The livenessProbe and readinessProbe are important for the update process to decide if a pod update was successful.
resources define e.g. how much CPU and RAM resources a pod can aquire (also see Managing Compute Resources for Containers ). You should almost always define limits for your pods!
ports:
- name: http
containerPort: 80
hostPort: 80
- name: https
containerPort: 443
hostPort: 443
- name: admin
containerPort: 8080
Here we map the containerPort to the hostPort and also give the different port’s a name. Port 80 and 443 should be self explaining. Port 8080 is the admin UI of Traefik. It will bind to the PeerVPN interface by default.
securityContext:
privileged: true
Without this setting we won’t be able to bind Traefik on port 80 and 443 (which is basically true for all services that want to use ports < 1024).
# For CONSUL
volumeMounts:
- name: tls
mountPath: {{consul_tls_dir}}
readOnly: true
# For ETCD
volumeMounts:
- name: tls
mountPath: {{k8s_conf_dir}}
readOnly: true
The traefik playbook we will execute later will import the Consul or etcd CA, certificate and certificate key file into Kubernetes and store it as a secret. The three files will then be available for Traefik to use in {{consul_tls_dir}} (which is /etc/consul/ssl by default) or {{k8s_conf_dir}} (which is /var/lib/kubernetes by default) as you can see above (and later in the Traefik options).

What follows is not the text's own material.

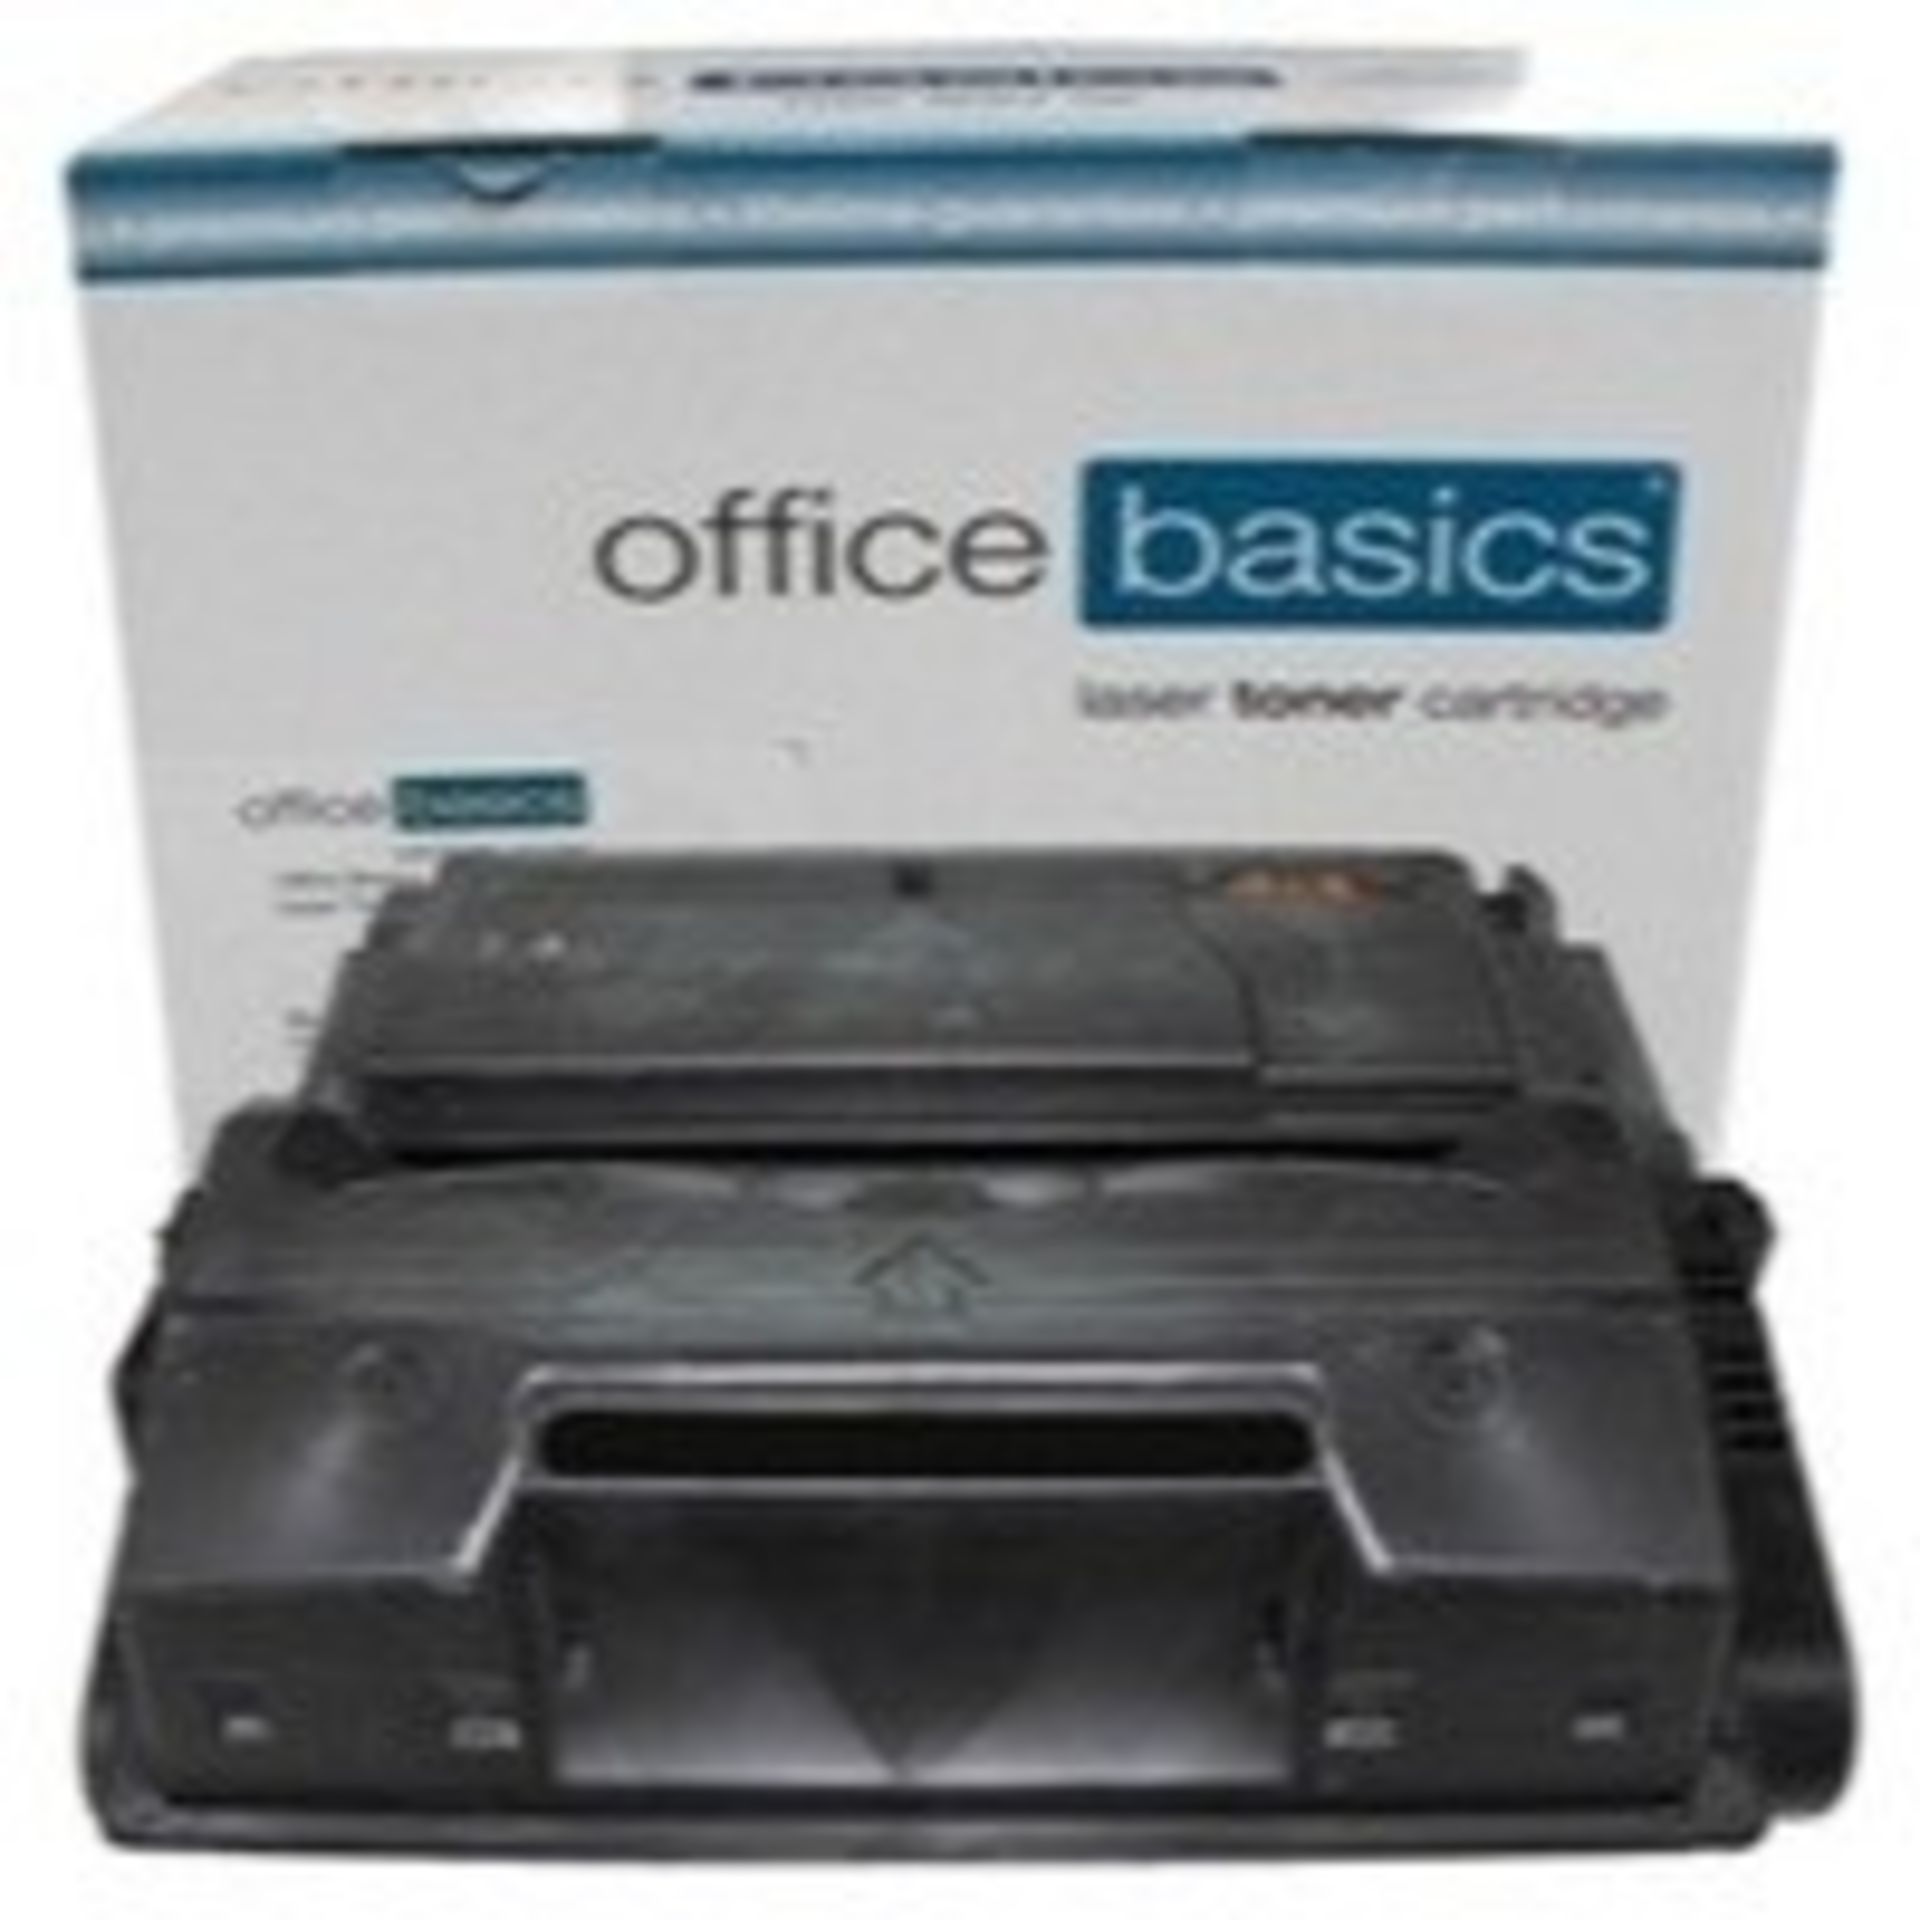 1 BOXED OFFICE BASICS LASERJET TONER CARTIDGE FOR

For this to work we also need a volumes specification that references the secret that the traefik playbook created:
# For CONSUL
volumes:
- name: tls
secret:
secretName: traefik-consul
# For ETCD
volumes:
- name: tls
secret:
secretName: traefik-etcd
Now to the options we supply to Traefik itself. If you want to see all options just run:
docker run -it --rm traefik:v1.5-alpine --help
So walk quickly through the options I used in my example:
--entrypoints=Name:http Address::80
--entrypoints=Name:https Address::443 TLS
I guess this is quite obvious: Traefik should listen on port 80 and 443 and for port 443 also enable TLS/SSL. If you want to redirect incoming HTTP requests to HTTPS use this options instead:
--entrypoints=Name:http Address::80 Redirect.EntryPoint:https
--entrypoints=Name:https Address::443 TLS
--consul=true
--consul.prefix=/traefik
--consul.watch=true
--consul.endpoint={{groups.consul_instances|first}}:8443
--consul.tls=true
--consul.tls.ca={{consul_tls_dir}}/ca-consul.pem
--consul.tls.cert={{consul_tls_dir}}/cert-consul.pem
--consul.tls.key={{consul_tls_dir}}/cert-consul-key.pem
Here we enable the Consul backend (where Traeffic stores the Let’s Encrypt certificates and some other configuration settings). We use the prefix /traefik (that’s basically the root for all further Traefik keys in Consul key/values store). E.g you can get the Traefik leader directly from Consul via consul kv get traefik/leader. As mentioned above we will use the first hostname in Ansible’s consul_instances host group as the Consul endpoint. And finally we tell Traefik to use a TLS connection with the certificates and the CA we created above.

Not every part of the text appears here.